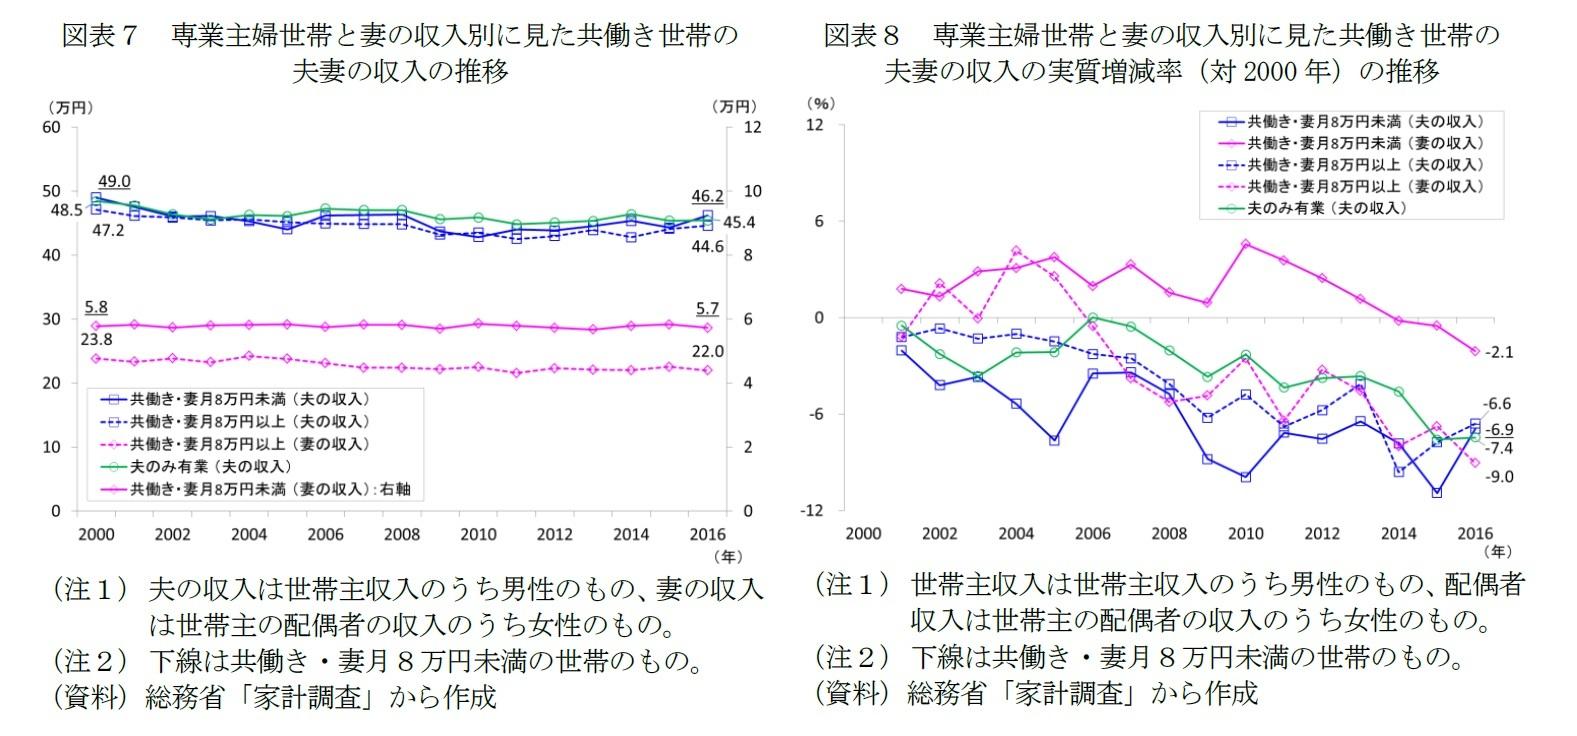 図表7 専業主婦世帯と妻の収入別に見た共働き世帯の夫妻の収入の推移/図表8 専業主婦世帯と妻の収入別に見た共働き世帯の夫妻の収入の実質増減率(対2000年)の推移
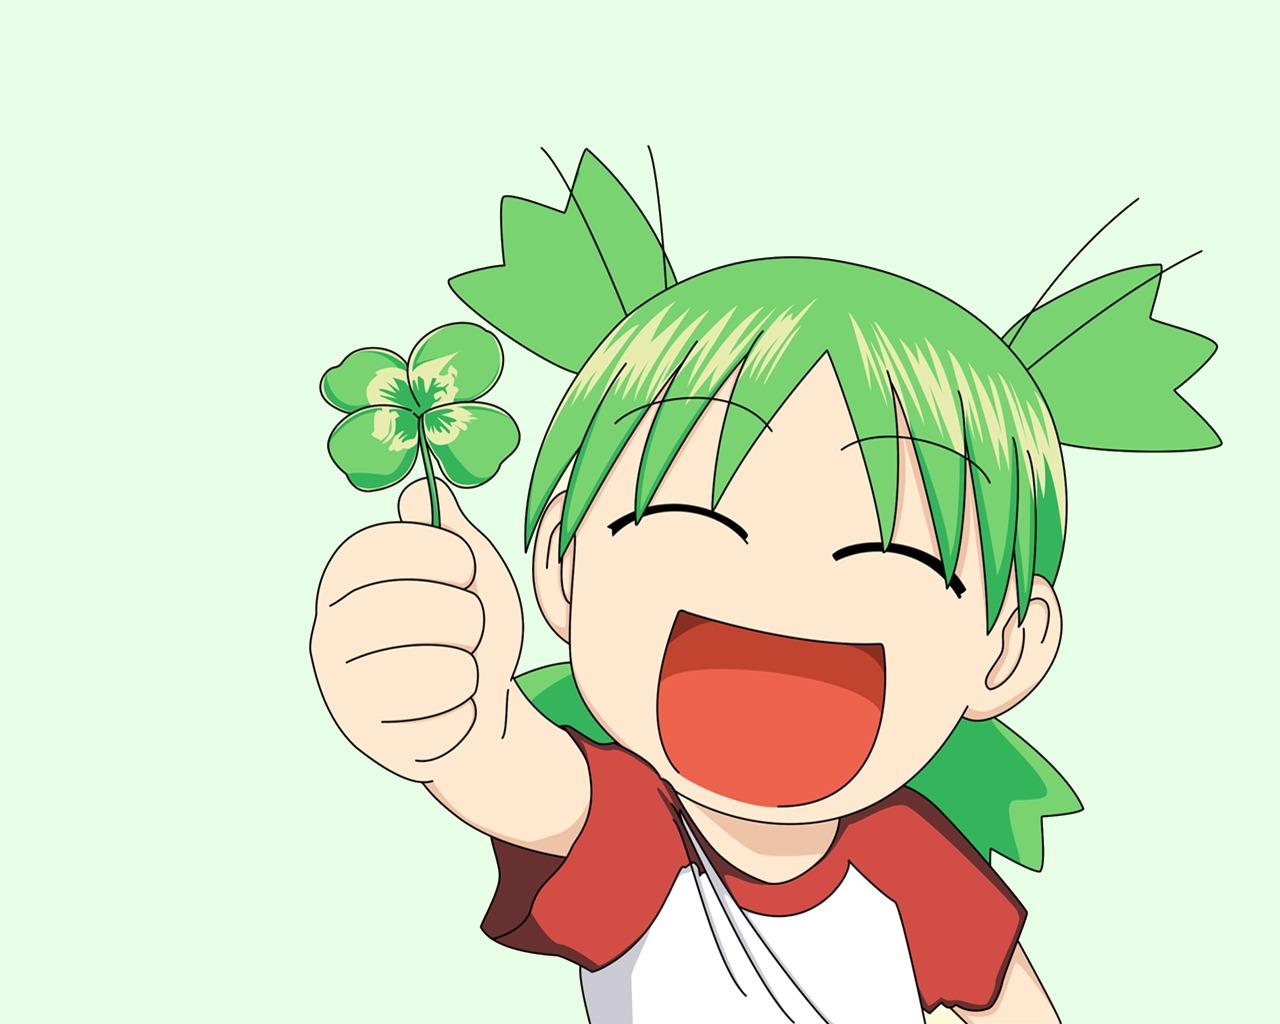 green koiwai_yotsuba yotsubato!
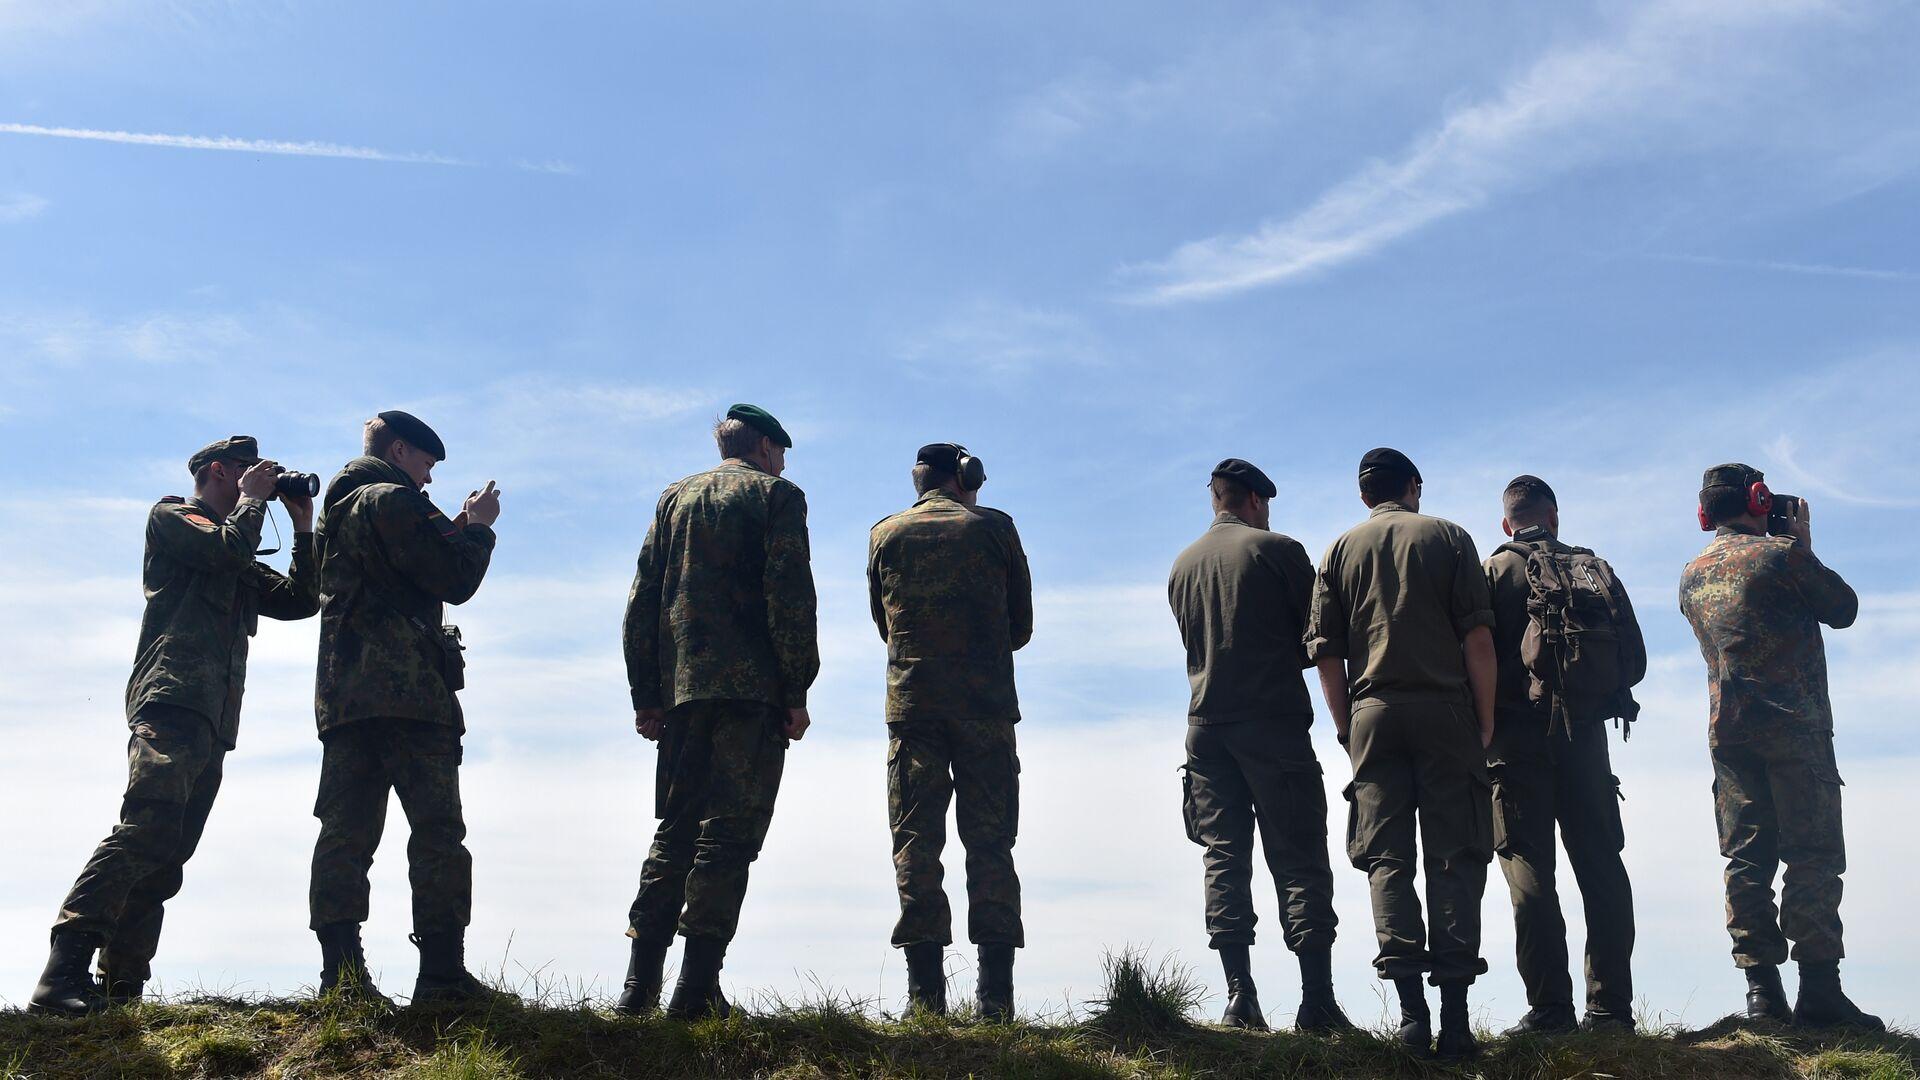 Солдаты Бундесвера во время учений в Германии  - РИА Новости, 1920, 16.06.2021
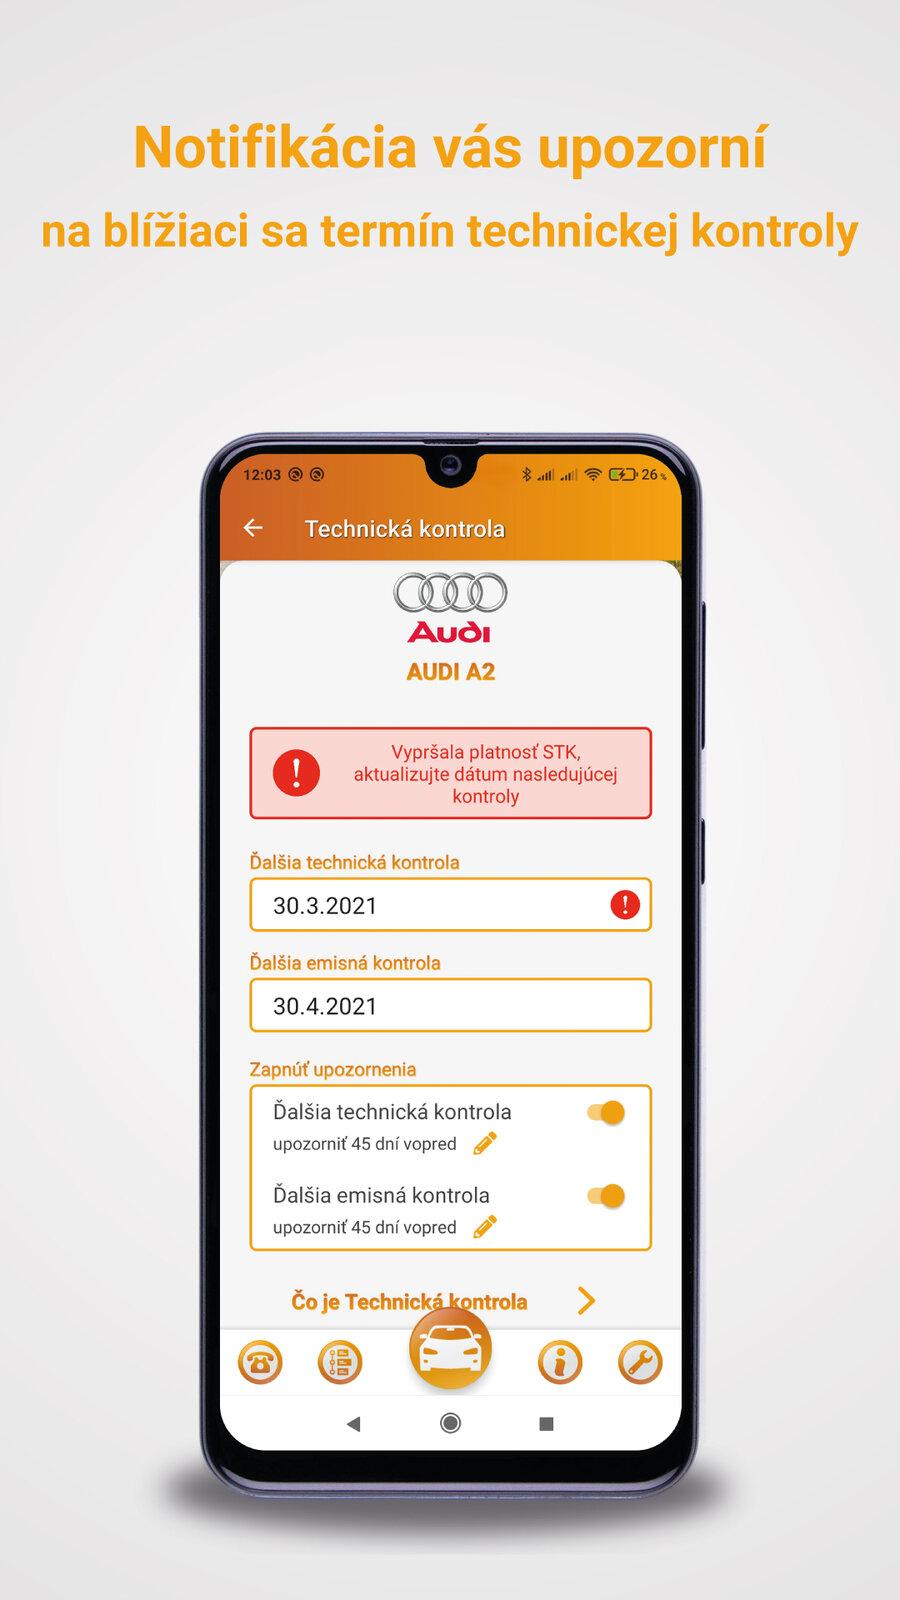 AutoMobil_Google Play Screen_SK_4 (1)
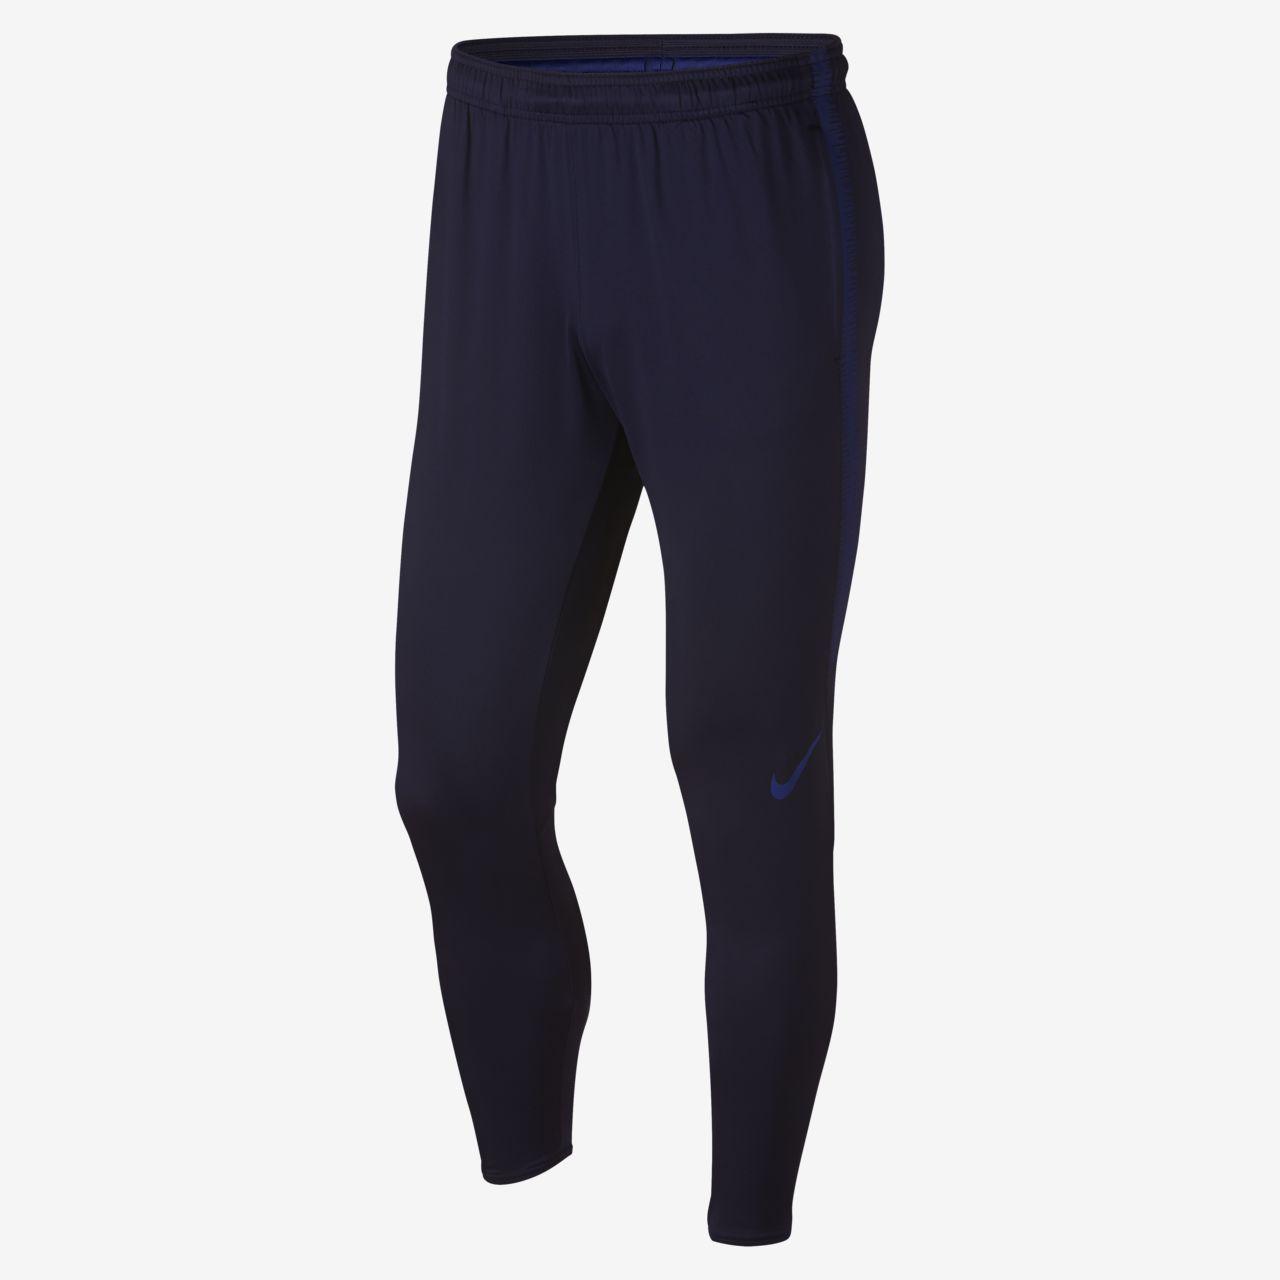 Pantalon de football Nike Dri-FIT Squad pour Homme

What the task asks ▸ Once more, please print all the lines above exactly, without their pictures.

Written response ▸
 図表7 専業主婦世帯と妻の収入別に見た共働き世帯の夫妻の収入の推移/図表8 専業主婦世帯と妻の収入別に見た共働き世帯の夫妻の収入の実質増減率(対2000年)の推移
 green koiwai_yotsuba yotsubato!
 Солдаты Бундесвера во время учений в Германии  - РИА Новости, 1920, 16.06.2021
 AutoMobil_Google Play Screen_SK_4 (1)
 Pantalon de football Nike Dri-FIT Squad pour Homme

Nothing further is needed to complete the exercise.